As children are able, allow them to do more and more for themselves, transferring responsibility from parent to child. A kindergartner can pick out her own clothes, a 3rd-grader can make his own lunch, a 9th-grader can arrange for her own orthodontist appointments.
As children become more capable themselves, they learn that they have more power over their own lives, and look less to parents to fix everything for them, or blame them when things go wrong.
By involving your children in a team effort to reduce morning madness, they are developing valuable time management and organizational skills that will prove useful when they eventually leave for college.
So get the music going, the beds and waffles made, and have a great morning. After everyone has been dropped off, head to Starbucks to meet a friend and unwind. The dishes can wait till later.

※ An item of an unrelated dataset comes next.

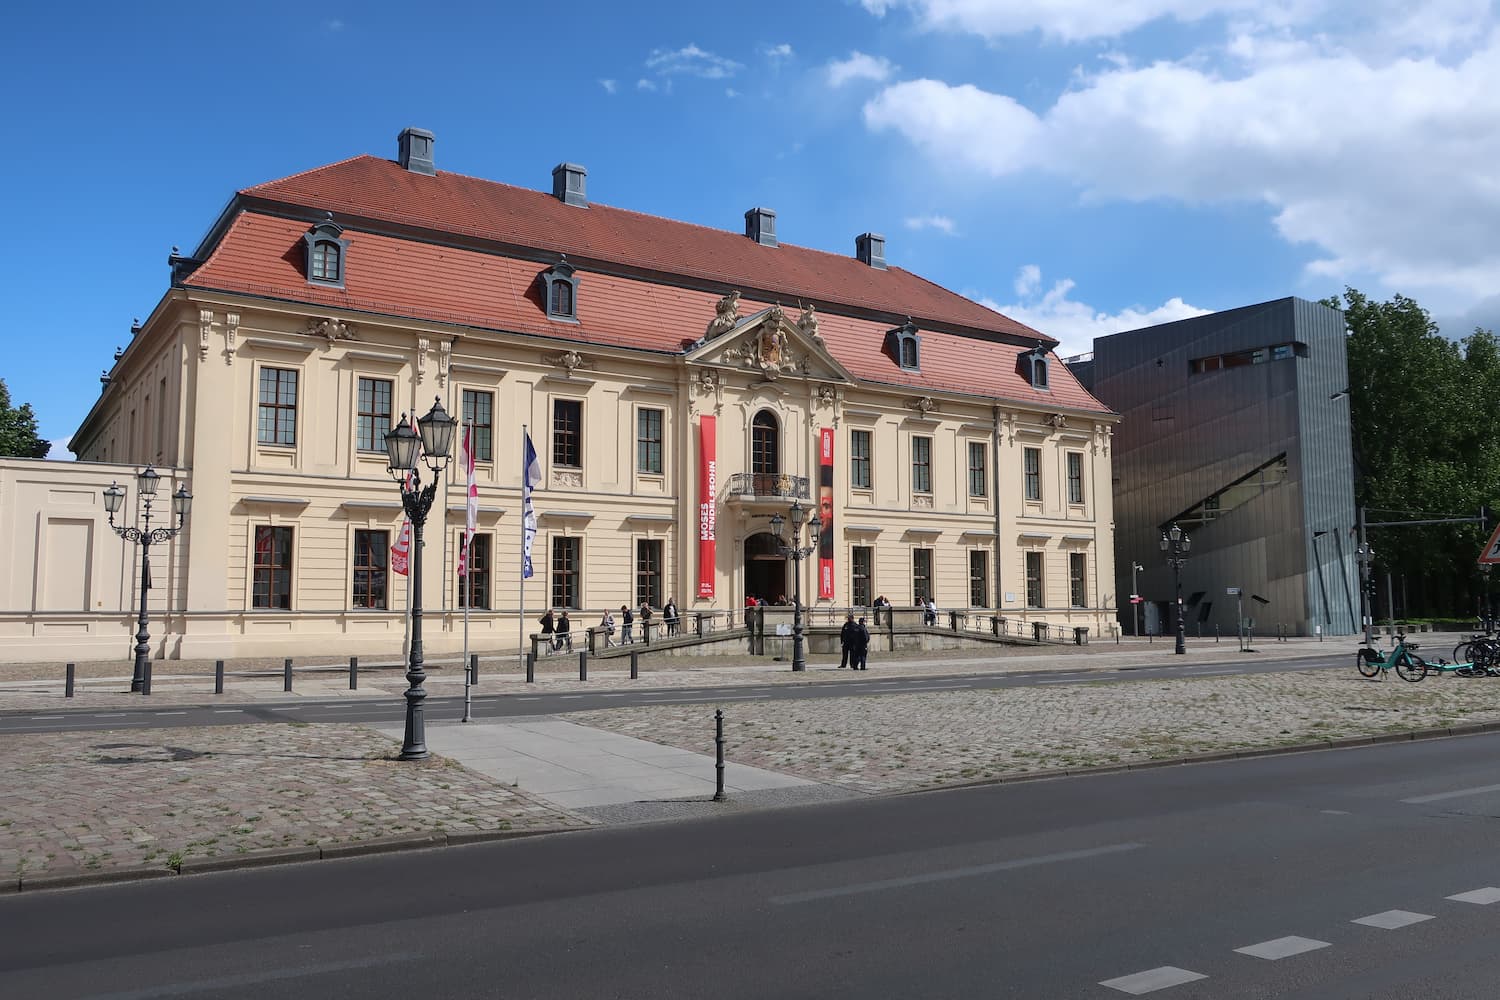 ユダヤ人迫害の苦しみを実感できる場所 「ベルリン・ユダヤ博物館」

1. Go on a family excursion to Target and let each child pick out a new alarm clock. Establish wake-up times for each child and set clocks.
2. Plan on getting up at least 20 minutes before the first child, for thinking time before the day begins.
3. Help younger children set out clothes the night before.
4. Teach your children how to make their beds.
5. Consider carpooling so you aren’t running to three different schools, both morning and afternoon.
6. Put all signed forms, needed money, library books, etc. in back packs the night before, and set by the door.
7. Ask older children to make their own lunches in the evening and place them in the fridge ready to go.
8. Assign one child the task of setting the breakfast table the night before, and rotate daily.
9. Make a date with a friend to walk or go for coffee. Have a great day.